I would need some help with a regular expression extraction (RegEx Split node).
I have tried for days to figure it out but could not find the solution. Neither the KNIME examples, nor the (Java API) indications did help me.
I have a string (text) column from which I want to extract a number. The column it is not omogenous (structure), neither the number (by figures number).
RTRT CVFD Expert SRLYO45656653**CityBUBU
Nuai Cuyt Viter S.R.L.YO46756885CountryBGBG
Vujyyu France SRL45692787Street Huissa
Street UPHILL Bakery SRL85434556Hel British
I need to extract the bold string (figures) by indicating in the RegEx that the figures come either after SRL, S.R.L., YO syntaxes.
It may be necessary for a multistep approach, but still, I need an idea how to start the process.

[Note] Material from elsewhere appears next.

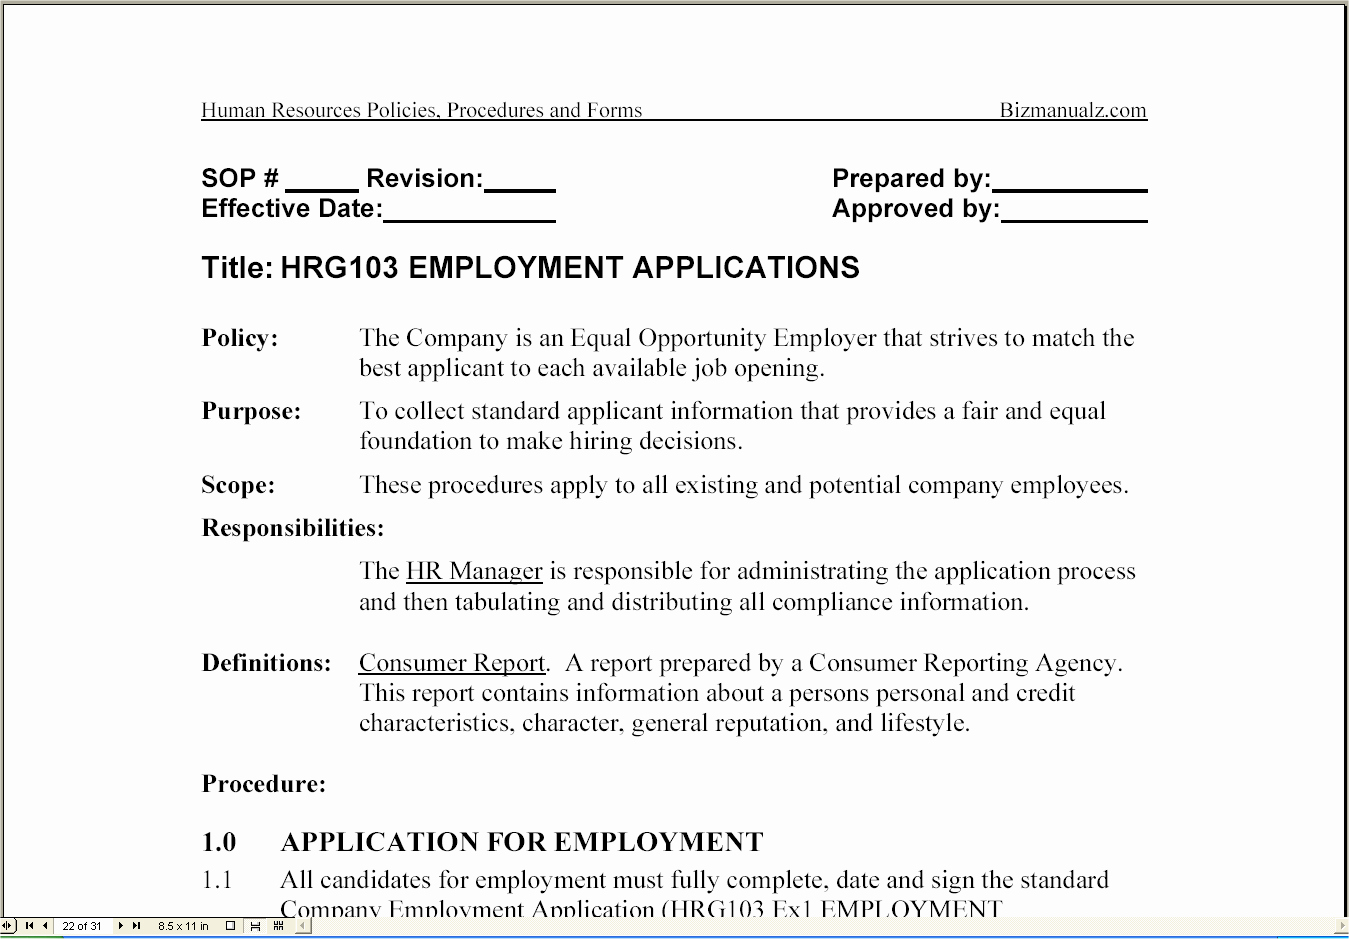 Human Resources Policy Template Beautiful Bizmanualz Human Resources Policies Procedures &amp; forms

It’s difficult to handle all of the variations and possible typos in RegEx alone if you are dealing with unstructured (a.k.a., “free-form”) text blobs. You might want to preprocess the text before extraction. Preprocessing steps that apply here include (but are not limited to):
Normalizing all letters to lowercase
Removing all special characters
Normalizing N spaces (two or more spaces in a row) to single spaces (" ").
By applying simple transformations such as the ones above to your data, you can drastically reduce the amount of possible scenarios you must handle with your RegEx. There are a couple related components in my public space on KNIME Hub for text processing if you’d like to check them out.